Sistem ekonami campuran :
- Sumber-sumber daya yang vital dikuasai oleh pemerintah.
- Pemerintah menyusun peraturan, perencanaan, dan menetapkan kebijaksanaan-kebijaksanaan di bidang ekonomi.
- Swasta diberi kebebasan di bidang-bidang ekonomi dalam batas kebijaksanaan ekonomi yang ditetapkan pemerintah.
- Hak milik swasta atas alat produksi diakui, asalkan penggunaannya tidak merugikan kepentingan umum.
- Pemerintah bertanggung jawab atas jaminan sosial dan pemerataan pendapatan.
- Jenis dan jumlah barang diproduksi ditentukan oleh mekanisme pasar.
SISTEM EKONOMI YANG LEBIH BAIK?
Menurut pendapat saya, sistem ekonomi campuran adalah sistem ekonomi yang lebih baik dan ideal daripada sistem ekonomi liberalis dan sosialis. Saya berpendapat demikian dikarenakan sistem ekonomi ini memiliki banyak kelebihan. Ia merupakan perpaduan dari sistem ekonomi liberalis dan sosialis, dimana kelemahan-kelemahan keduanya dihapuskan dalam sistem ekonomi campuran ini.

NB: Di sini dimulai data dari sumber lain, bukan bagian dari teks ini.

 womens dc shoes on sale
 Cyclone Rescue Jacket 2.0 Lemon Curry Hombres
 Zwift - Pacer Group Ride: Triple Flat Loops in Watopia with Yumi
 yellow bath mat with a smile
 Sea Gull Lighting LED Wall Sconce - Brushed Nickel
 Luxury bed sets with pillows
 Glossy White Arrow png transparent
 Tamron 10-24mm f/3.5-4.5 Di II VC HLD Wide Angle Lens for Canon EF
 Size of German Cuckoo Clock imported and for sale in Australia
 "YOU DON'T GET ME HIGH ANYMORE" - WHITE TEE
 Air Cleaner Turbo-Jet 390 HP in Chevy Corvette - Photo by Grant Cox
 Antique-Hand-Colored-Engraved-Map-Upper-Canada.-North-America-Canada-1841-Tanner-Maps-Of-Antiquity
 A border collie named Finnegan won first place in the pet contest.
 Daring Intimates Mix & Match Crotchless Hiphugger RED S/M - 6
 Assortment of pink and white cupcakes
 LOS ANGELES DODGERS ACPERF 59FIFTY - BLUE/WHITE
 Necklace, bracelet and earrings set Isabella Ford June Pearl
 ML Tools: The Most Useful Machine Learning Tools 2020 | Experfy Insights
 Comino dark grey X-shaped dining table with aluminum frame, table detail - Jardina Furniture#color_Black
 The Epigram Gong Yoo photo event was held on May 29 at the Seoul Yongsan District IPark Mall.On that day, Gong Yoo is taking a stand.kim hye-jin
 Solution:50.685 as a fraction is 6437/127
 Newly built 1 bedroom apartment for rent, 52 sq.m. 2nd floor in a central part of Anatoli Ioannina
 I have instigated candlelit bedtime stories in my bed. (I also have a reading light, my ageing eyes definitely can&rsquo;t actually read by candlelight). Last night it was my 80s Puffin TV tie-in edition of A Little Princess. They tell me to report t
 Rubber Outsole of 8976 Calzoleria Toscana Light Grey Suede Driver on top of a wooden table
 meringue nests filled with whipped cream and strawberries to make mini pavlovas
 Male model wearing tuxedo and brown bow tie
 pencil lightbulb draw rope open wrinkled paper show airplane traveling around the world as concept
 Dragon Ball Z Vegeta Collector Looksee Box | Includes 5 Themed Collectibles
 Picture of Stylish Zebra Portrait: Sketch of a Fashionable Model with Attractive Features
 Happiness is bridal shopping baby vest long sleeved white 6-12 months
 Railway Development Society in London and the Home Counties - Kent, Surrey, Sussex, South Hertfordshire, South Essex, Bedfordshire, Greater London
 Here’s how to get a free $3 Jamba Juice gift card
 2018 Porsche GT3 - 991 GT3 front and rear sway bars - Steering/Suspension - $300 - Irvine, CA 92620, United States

Dalam sistem ekonomi campuran peran pemerintah dan swasta sama. Pemerintah tidak terlalu mencampur tangani dan tidak mengatur sepenuhnya kegiatan-kegiatan ekonomi yang dilakukan pihak swasta. Namun, kegiatan yang berjalan tidak sesuai dengan prinsip-prinsip kegiatan ekonomi, pemerintah akan mengambil langkah tegas. Melalui hal ini, perekonomian menjadi lebih terkendali selain itu, akan terjadi kerja sama antara pemerintah dan swasta dalam memecahkan masalah ekonomi. Sehingga kestabilan ekonomi menjadi terjamin.